Antitumor and apoptotic effects of new-generation platinum compounds on human leukemia cell lines HL-60 and K562

The goal of this investigation is to report the fabrication, characterization, cytotoxicity, and apoptotic assessment of new platinum based compounds on K562 and HL-60 human leukemia cells. Two new platinum (II) compounds, Pt-5a and Pt-6a, were prepared and characterized by fourier transform infrared spectroscopy (FTIR), proton nuclear magnetic resonance spectroscopy ((HNMR)-H-1), environmental scanning electron microscopy (ESEM) and energy dispersive spectrometer (EDS) techniques. The cytotoxic activities of the compounds were evaluated by 3-(4, 5-dimethylthiazol-2-yl)-2, 5-diphenyltetrazolium bromide (MTT) test.
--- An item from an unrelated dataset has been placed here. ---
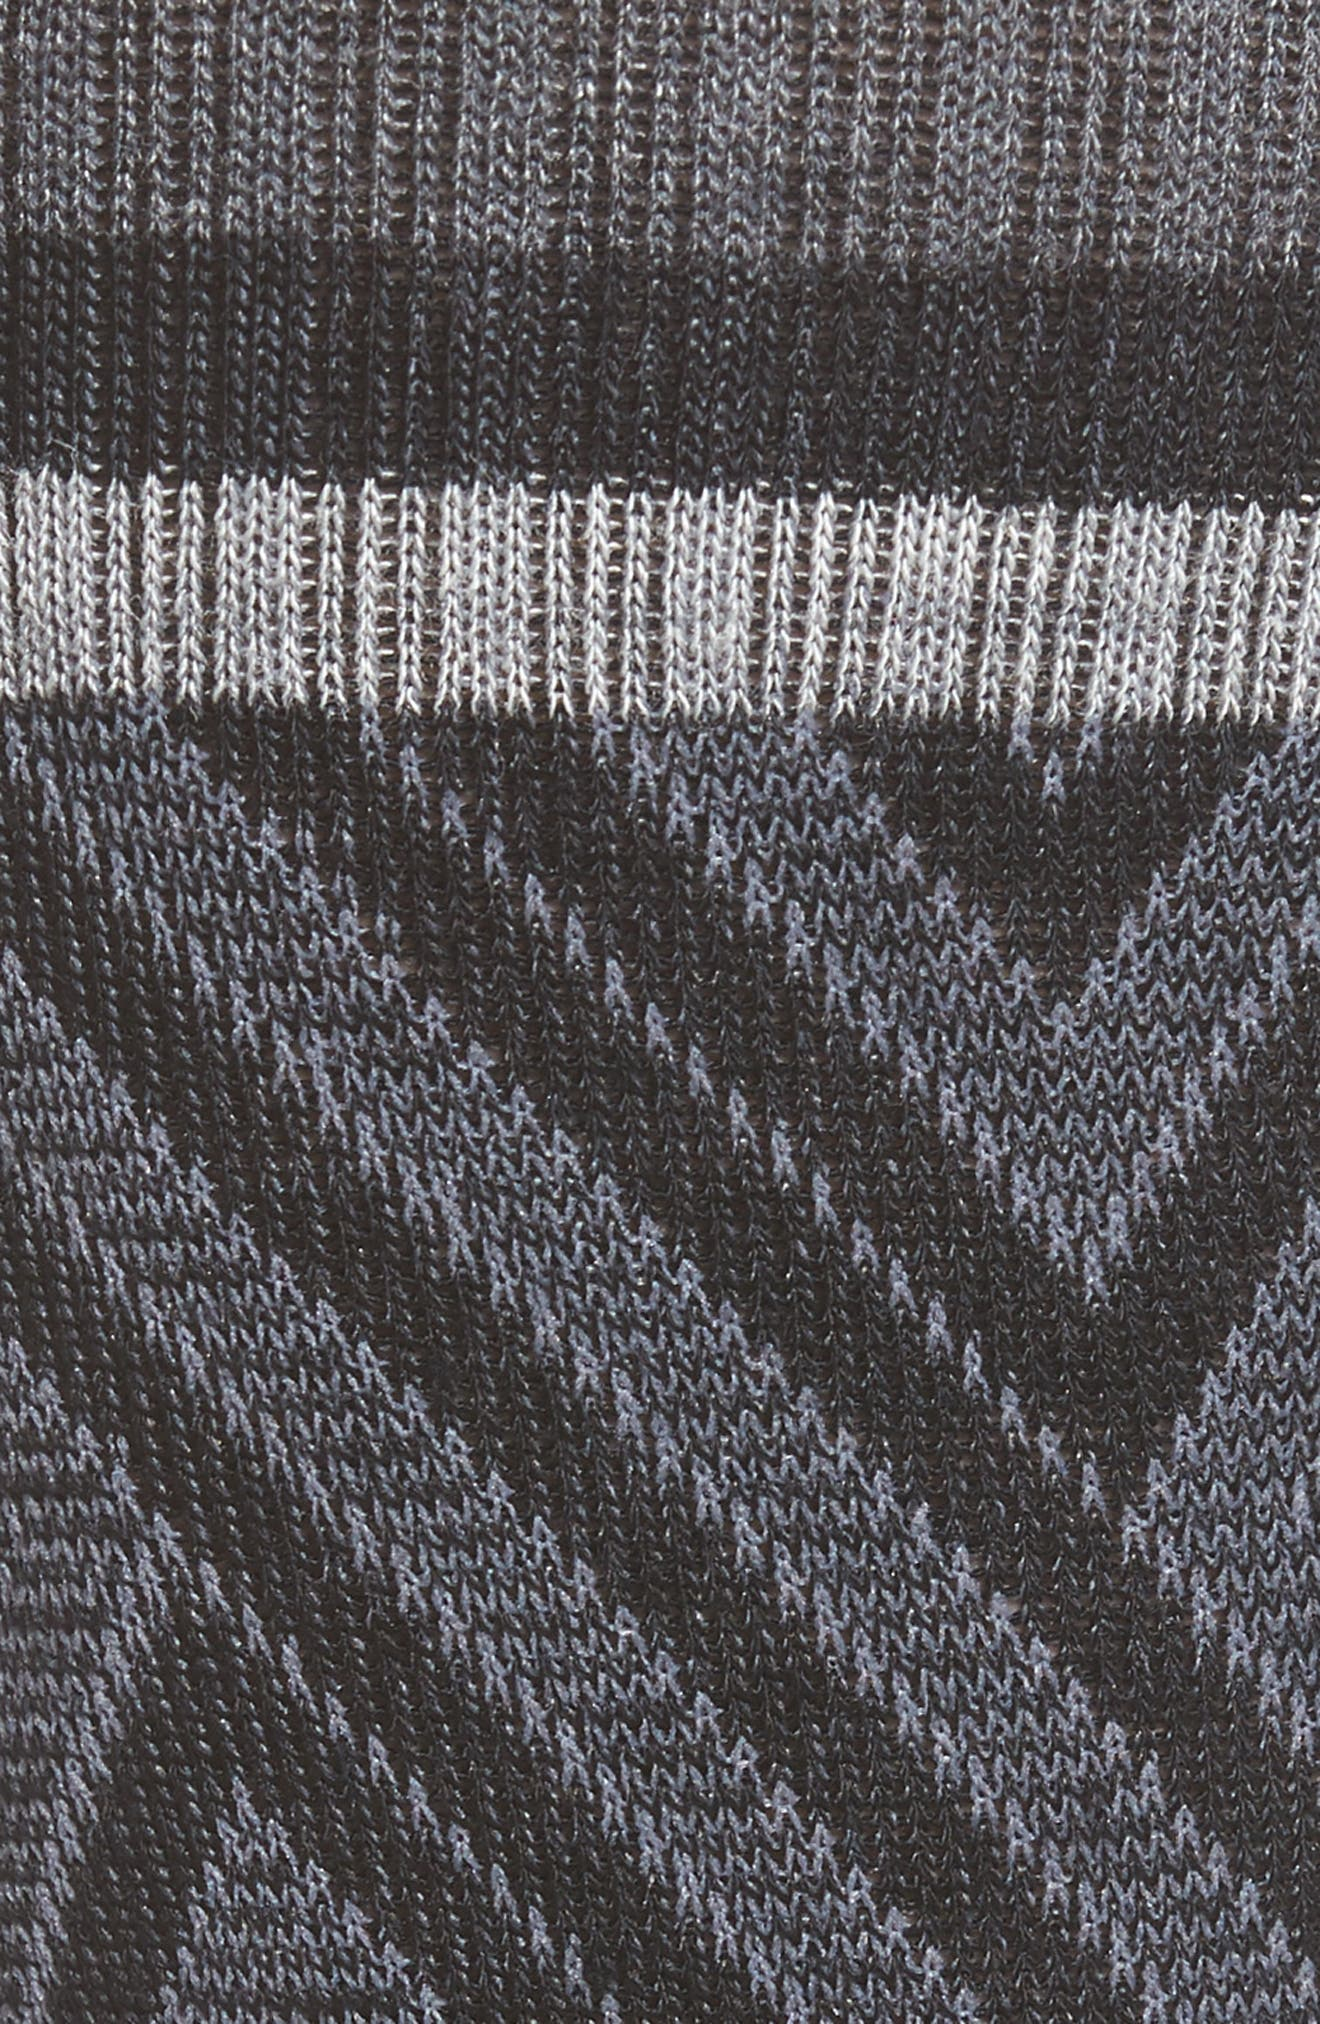 Labyrinth Graduated Compression Socks,                             Alternate thumbnail 2, color,                             001
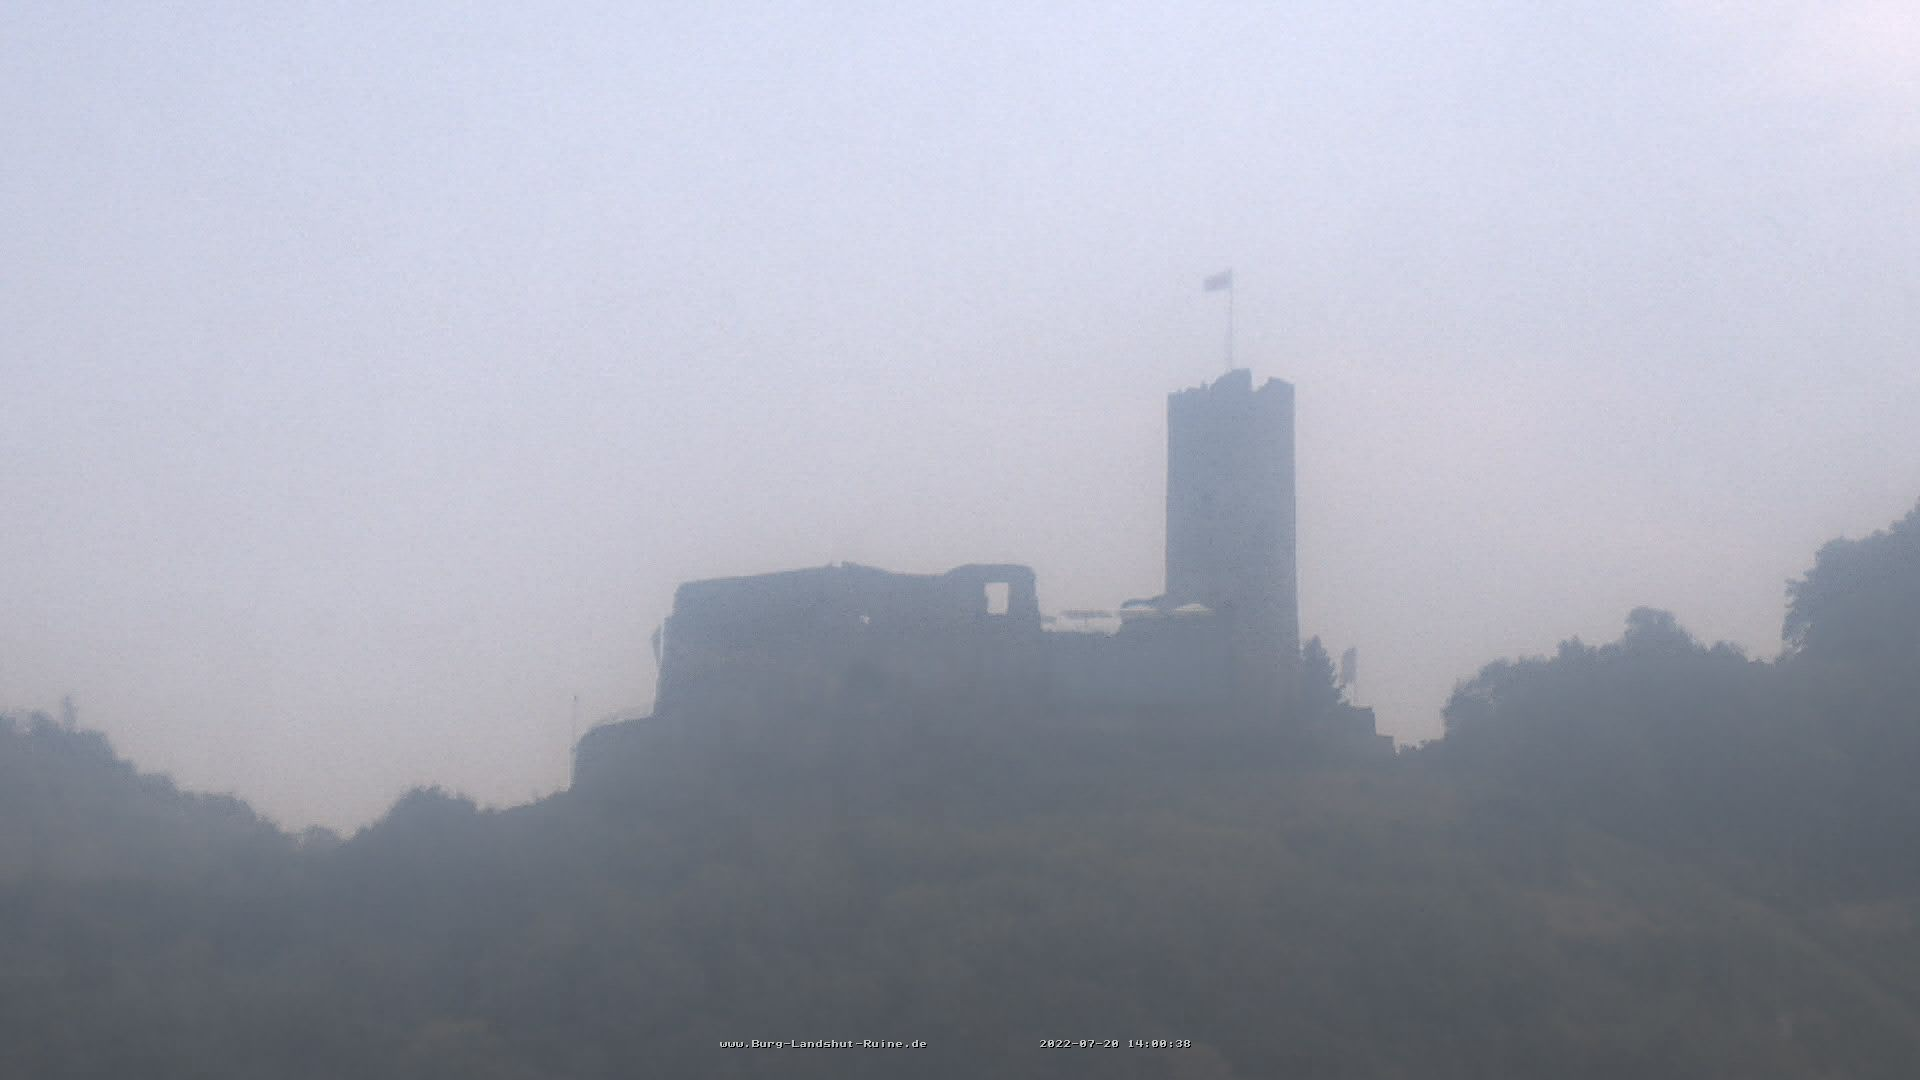 Bernkastel-Kues Mon. 14:00

Caspase-3, B-cell lymphoma 2 (Bcl-2), and B-cell lymphoma 2 associated X protein (Bax) gene expressions were evaluated by quantitative real-time polymerase chain reaction (qRT-PCR) to illuminate the mechanism of apoptosis. The results present that the applied compounds exhibited dose-dependent cytotoxic effects in-vitro. Pt-5a and Pt-6a compounds caused a rise in Bax in HL-60 cells while a reduction in Bcl-2 was recorded in all applied doses. In HL-60 cells, an increase in caspase-3 was detected at doses of 25 mu M and 50 mu M of Pt-5a and 30 mu M of Pt-6a. The treatment with 40 mu M of Pt-5a increased caspase-3 and Bax in K562 cells compared with control cells. Bcl-2 was found to be low in 20 mu M of Pt-5a treatment in K562 cells. Pt-6a caused a significant increase in caspase-3 at the dose of 30 mu M in the same cells. It is proposed that the newly synthesized platinum compounds may prove to be significant in the development of anticancer-effective drugs as they trigger apoptosis in a dose-dependent manner.

Automated summary

The investigation focused on reporting the fabrication, characterization, cytotoxicity, and apoptotic assessment of two new platinum based compounds on human leukemia cells. The results demonstrated dose-dependent cytotoxic effects and modulation of apoptotic gene expressions in the treated cells, suggesting the potential of these newly synthesized platinum compounds as anticancer drugs.